Literature DB >> 8414510

MLLT3 gene on 9p22 involved in t(9;11) leukemia encodes a serine/proline rich protein homologous to MLLT1 on 19p13.

S Iida1, M Seto, K Yamamoto, H Komatsu, A Tojo, S Asano, N Kamada, Y Ariyoshi, T Takahashi, R Ueda.   

Abstract

Recently, the MLL gene at 11q23 was found to be involved in a subset of leukemias with an 11q23 abnormality. In the present study, we isolated chimeric cDNAs between the MLL and a gene designated MLLT3 at 9p22 from a cDNA library of an IMS-M1 cell line with a t(9;11)(p22;q23) translocation, a representative karyotypic abnormality seen in acute monocytic leukemia. We also isolated a normal MLLT3 cDNA and found an open reading frame encoding at least 318 amino acids with high serine/proline content (24.8%). The chimeric mRNAs were demonstrated to be fused to MLL in frame, as found in t(11;19) and t(4;11) leukemias. The predicted MLLT3 protein demonstrated a significant homology to that of the MLLT1 gene at 19p13 involved in t(11;19) leukemia.
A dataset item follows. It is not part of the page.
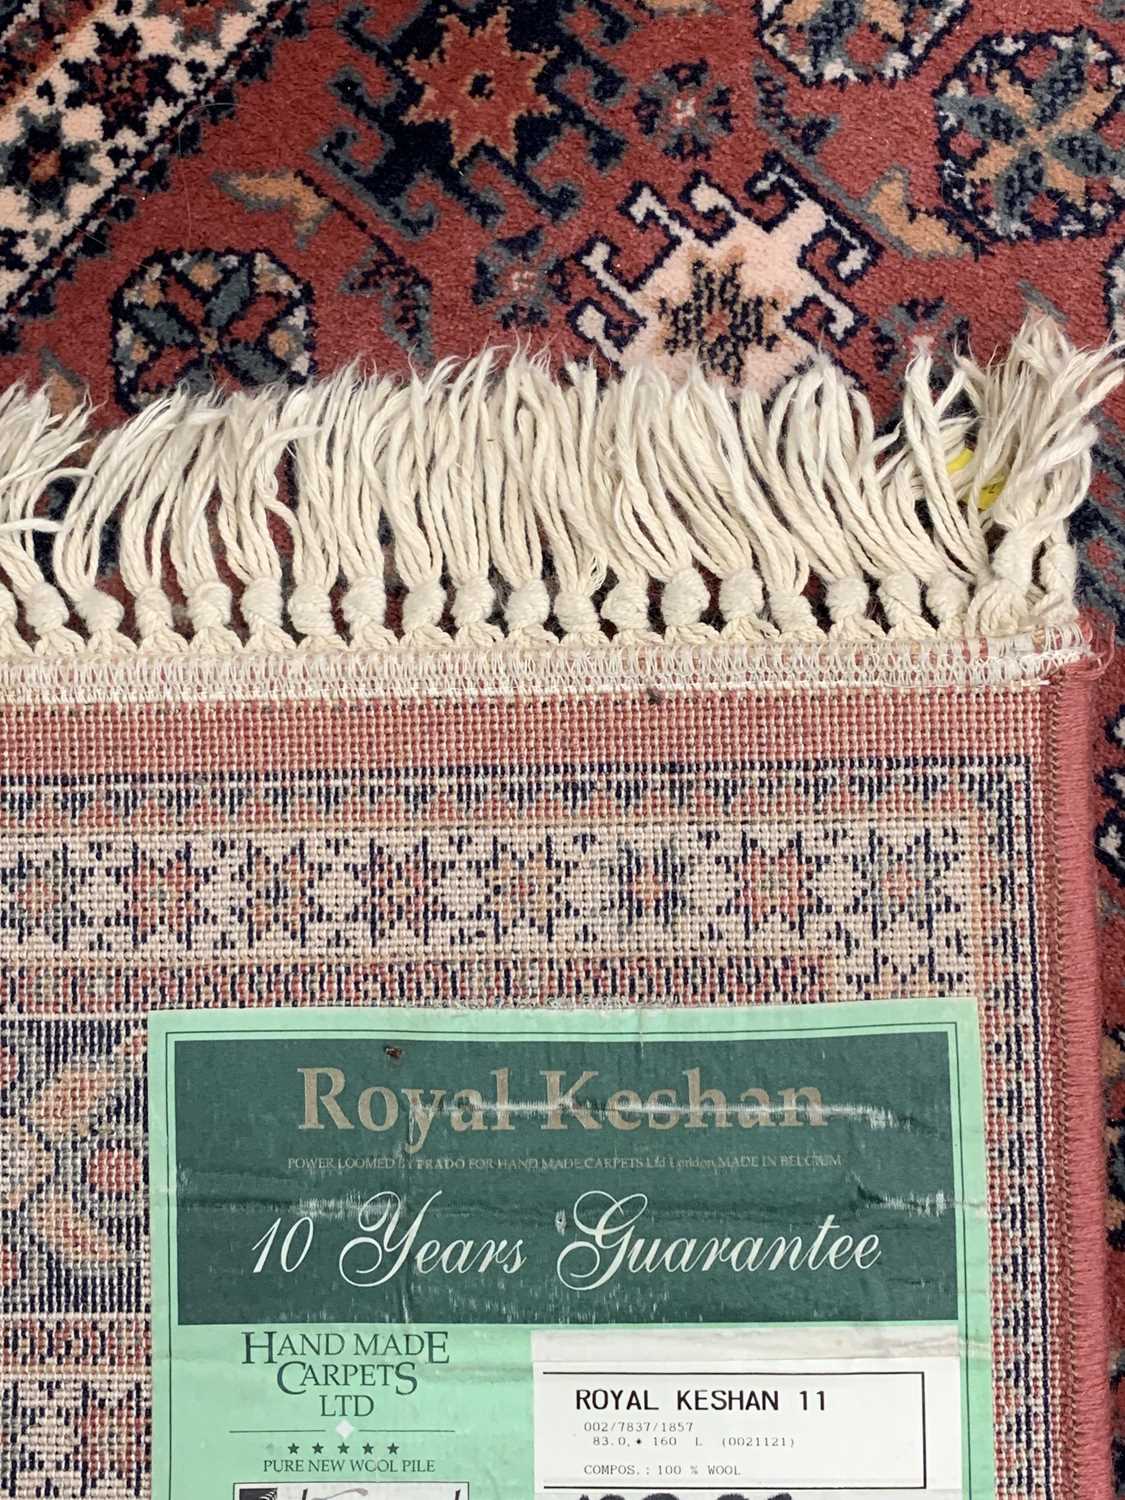 ROYAL KESHAN RUG - red ground with multi-border and Aztec/geometric design, 83 x 160cms - Image 2 of 2

The highest homology, up to 74.1%, was found in 86 amino acids of the C-terminus, suggesting that this region is of particular importance for leukemogenesis in t(9;11) leukemia. Northern blot analysis with the MLLT3 cDNA probe against normal tissues revealed multiple transcripts in lymphoid organs. A survey of hematopoietic cell lines demonstrated relatively stronger signals in cells belonging to megakaryocytic and erythroid lineages. As previously found in t(11;19) leukemia, heterogeneous MLL-MLLT3 chimeric mRNAs could be detected by the reverse transcriptase-polymerase chain reaction (RT-PCR) in t(9;11) leukemia samples.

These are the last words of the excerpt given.